A series of O(4)-cyclohexylmethyl-5-nitroso-6-aminopyrimidines bearing 2-arylamino substituents was synthesised and evaluated for CDK1 and CDK2 inhibitory activity. Consistent with analogous studies with O(6)-cyclohexylmethylpurines, 2-arylaminopyrimidines with a sulfonamide or carboxamide group at the 4'-position were potent inhibitors, with IC(50) values against CDK2 of 1.1+/-0.3 and 34+/-8 nM, respectively. The crystal structure of the 4'-carboxamide derivative, in complex with phospho-Thr160 CDK2/cyclin A, confirmed the expected binding mode of the inhibitor, and revealed an additional interaction between the carboxamide function and an aspartate residue.

4-Alkoxy-2,6-diaminopyrimidine derivatives: inhibitors of cyclin dependent kinases 1 and 2.
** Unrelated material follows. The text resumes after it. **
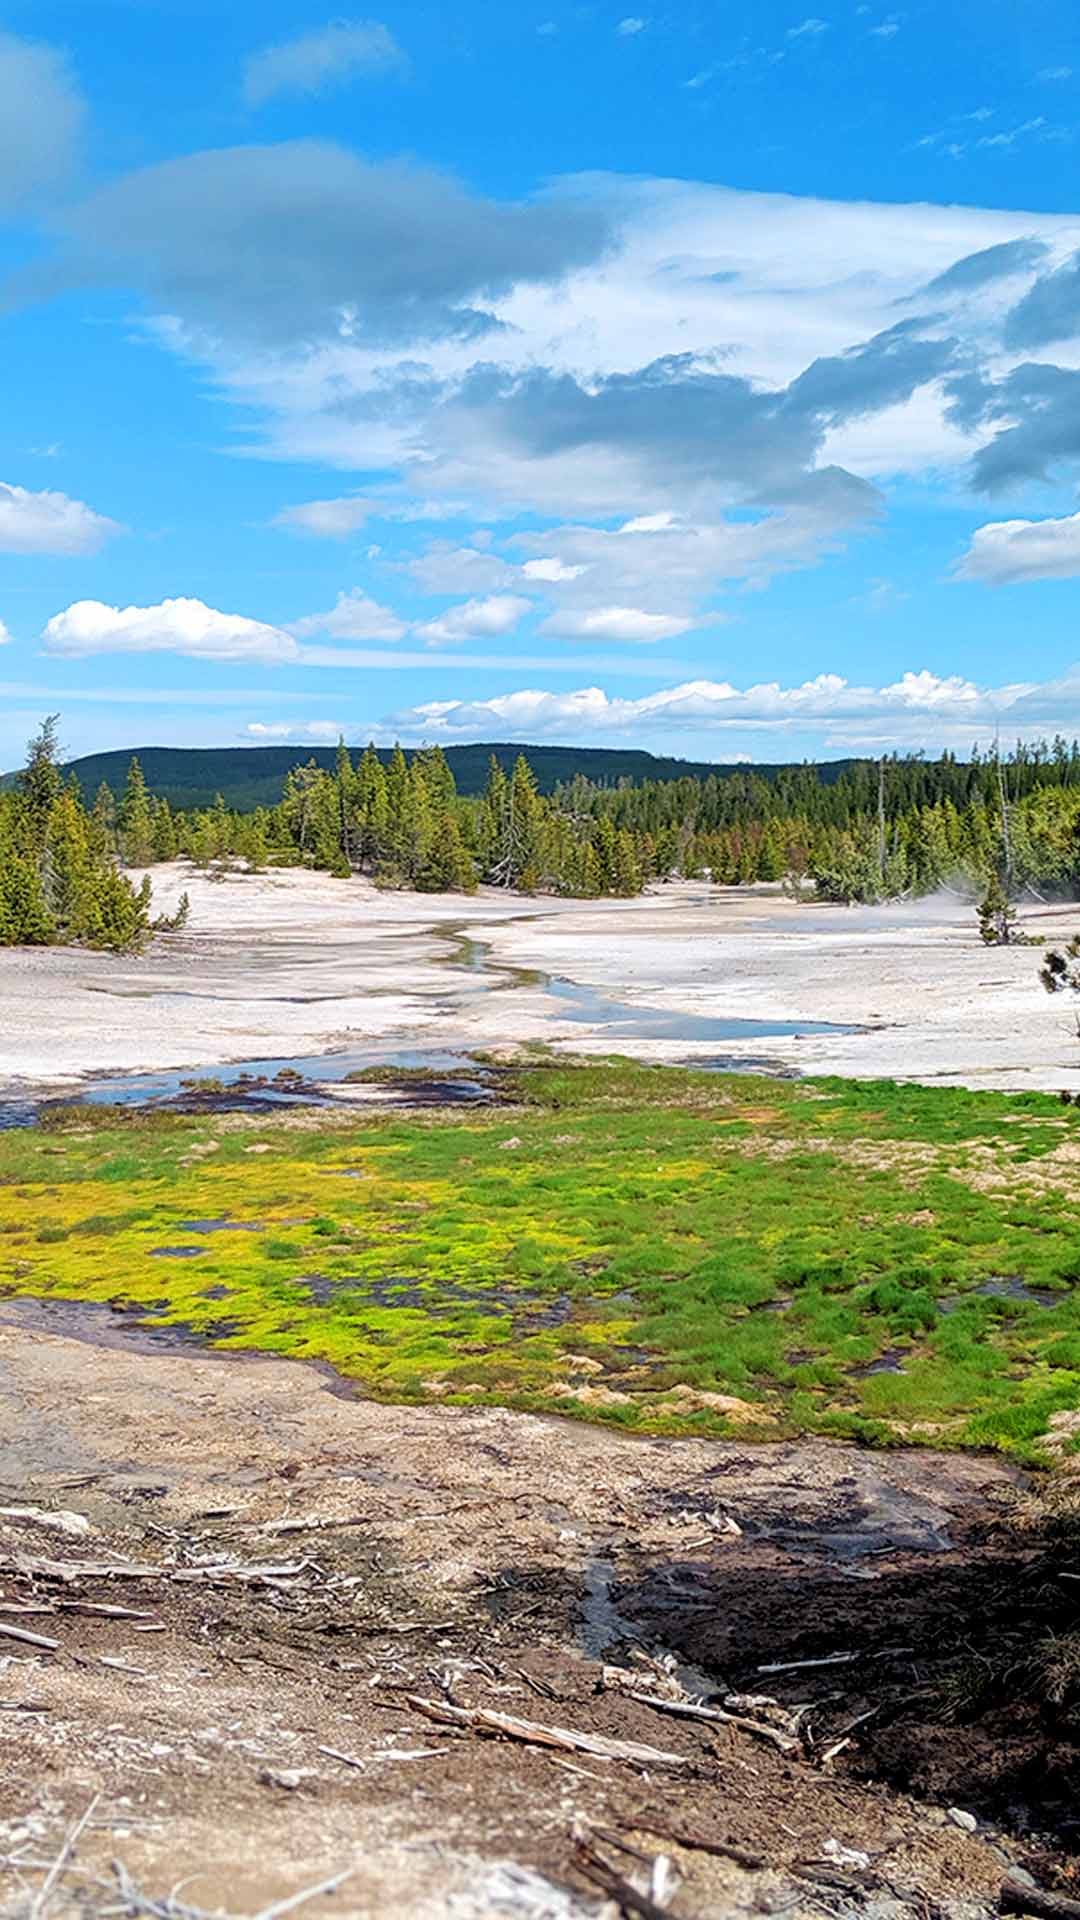 Yellowstone Norris geyser basin back basin landscape image

The cyclin dependent kinase (cdk) inhibitor NU6027, 4-cyclohexylmethoxy-5-nitroso-pyrimidine-2,6-diamine (IC(50) vs cdk1/cyclinB1=2.9+/-0.1 microM and IC(50) vs cdk2/cyclinA3=2.2+/-0.6 microM), was used as the basis for the design of a series of 4-alkoxy-2,6-diamino-5-nitrosopyrimidine derivatives. The synthesis and evaluation of 21 compounds as potential inhibitors of cyclin-dependent kinases 1 and 2 is described and the structure-activity relationships relating to NU6027 have been probed. Simple alkoxy- or cycloalkoxy-groups at the O(4)-position were tolerated, with the 4-(2-methylbutoxy)-derivative (IC(50) vs cdk1/cyclinB1=12+/-2 microM and cdk2/cyclinA3=13+/-4 microM) retaining significant activity. Substitutions at the N(6) position were not tolerated. Replacement of the 5-nitroso substituent with ketone, oxime and semicarbazone groups essentially abolished activity. However, the derivative bearing an isosteric 5-formyl group, 2,6-diamino-4-cyclohexylmethoxy-pyrimidine-5-carbaldehyde, showed modest activity (IC(50) vs cdk1/cyclinB1=35+/-3 microM and cdk2/cyclinA3=43+/-3 microM). The X-ray crystal structure of the 5-formyl compound bound to cdk2 has been determined to 2.3A resolution. The intramolecular H-bond deduced from the structure with NU6027 bound to cdk2 is not evident in the structure with the corresponding formyl compound. Thus the parent compound, 4-cyclohexylmethoxy-5-nitrosopyrimidine-2,6-diamine (NU6027), remains the optimal basis for future structure-activity studies for cyclin-dependent kinase inhibitors in this series.